= Assuerus Regimorter =

Assuerus Regimorter or Regemorter, M.D, (1614–1650) was an English physician, an early researcher into rickets.

==Life==

The son of the Rev. Ambrose Regemorter, he was born in London in December 1614, and baptised at the Dutch church in Austin Friars, 6 January 1615. He was educated at the school of Thomas Farnaby, and afterwards studied medicine at the University of Leyden, where he graduated M.D. 11 Feb. 1636, maintaining a thesis on ague. On 29 March 1636 he was incorporated M.D. at Oxford.
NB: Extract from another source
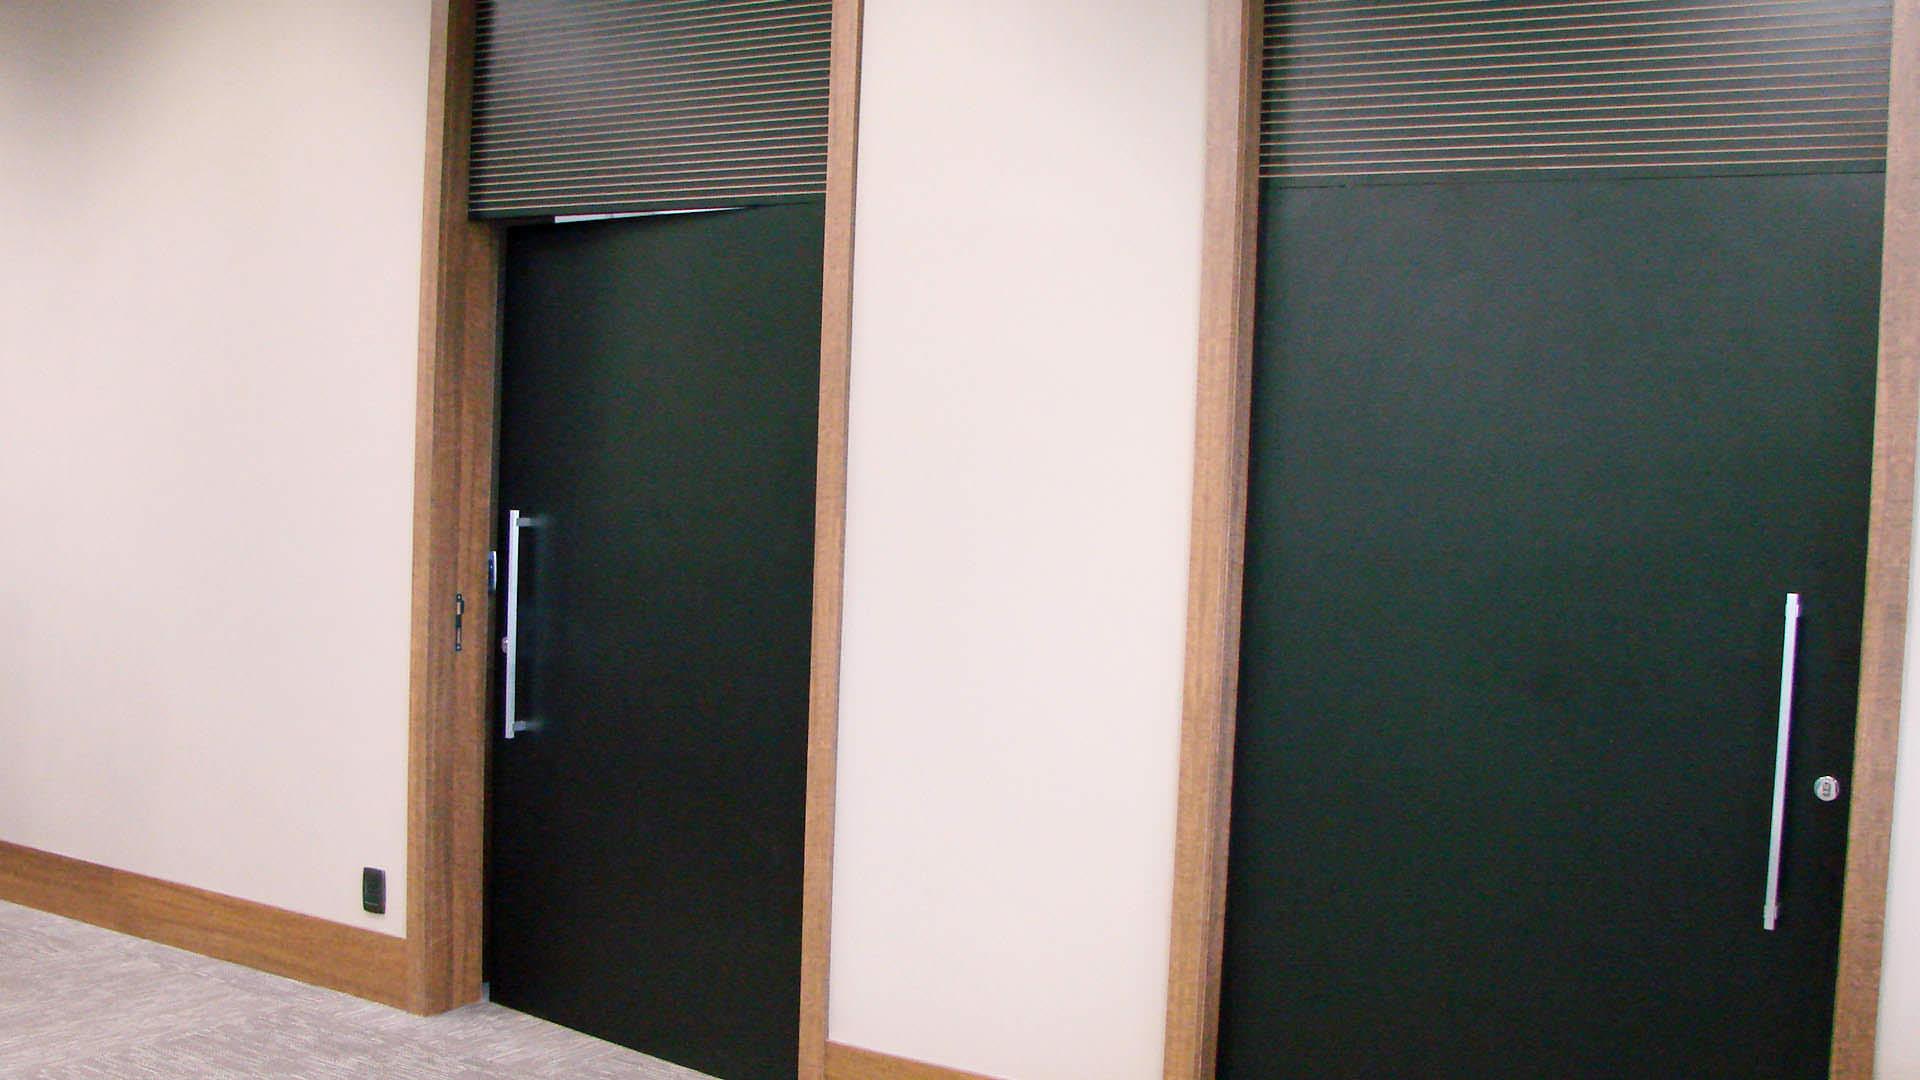 porta pivotante móveis planejados ambiente corporativo
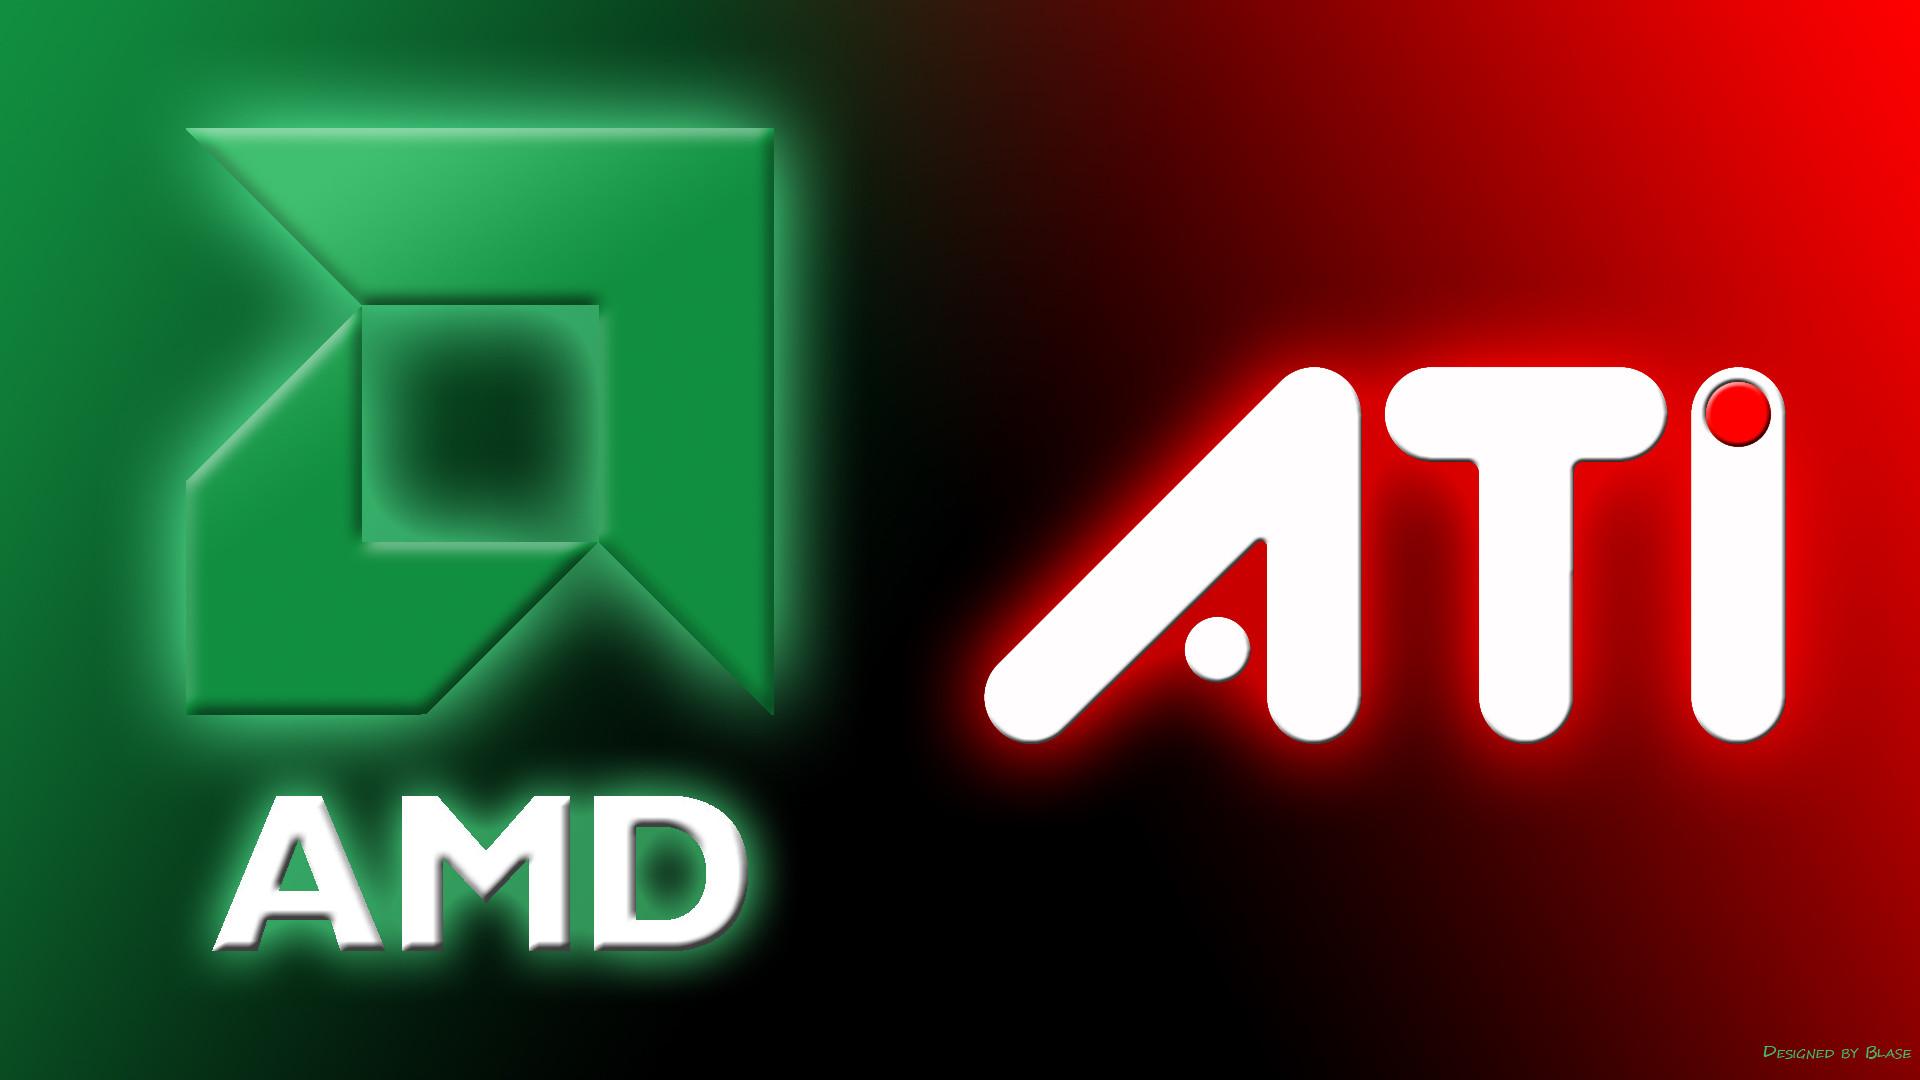 AMD Computer Wallpapers, Desktop Backgrounds   1600×900   ID:389249

He began practice in London, and became a licentiate of the College of Physicians, 30 September 1639, a candidate or member, 22 December 1642, and a fellow, 11 November 1643. He delivered the Gulstonian lectures in 1645, and was a censor in 1649. Regimorter lived in Lime Street, London, and had a large practice as a physician. He died 25 November 1660, and left £20 to the College of Physicians.

==Works==
He was one of the three physicians who about 1644 began the investigation of rickets. At the end of the preface to Tractatus de Rachitide, published in 1650, his initials are the last, following those of Francis Glisson, and George Bate. He and Bate had numerous conferences with Glisson, who was the real author of the book, as is stated in the preface.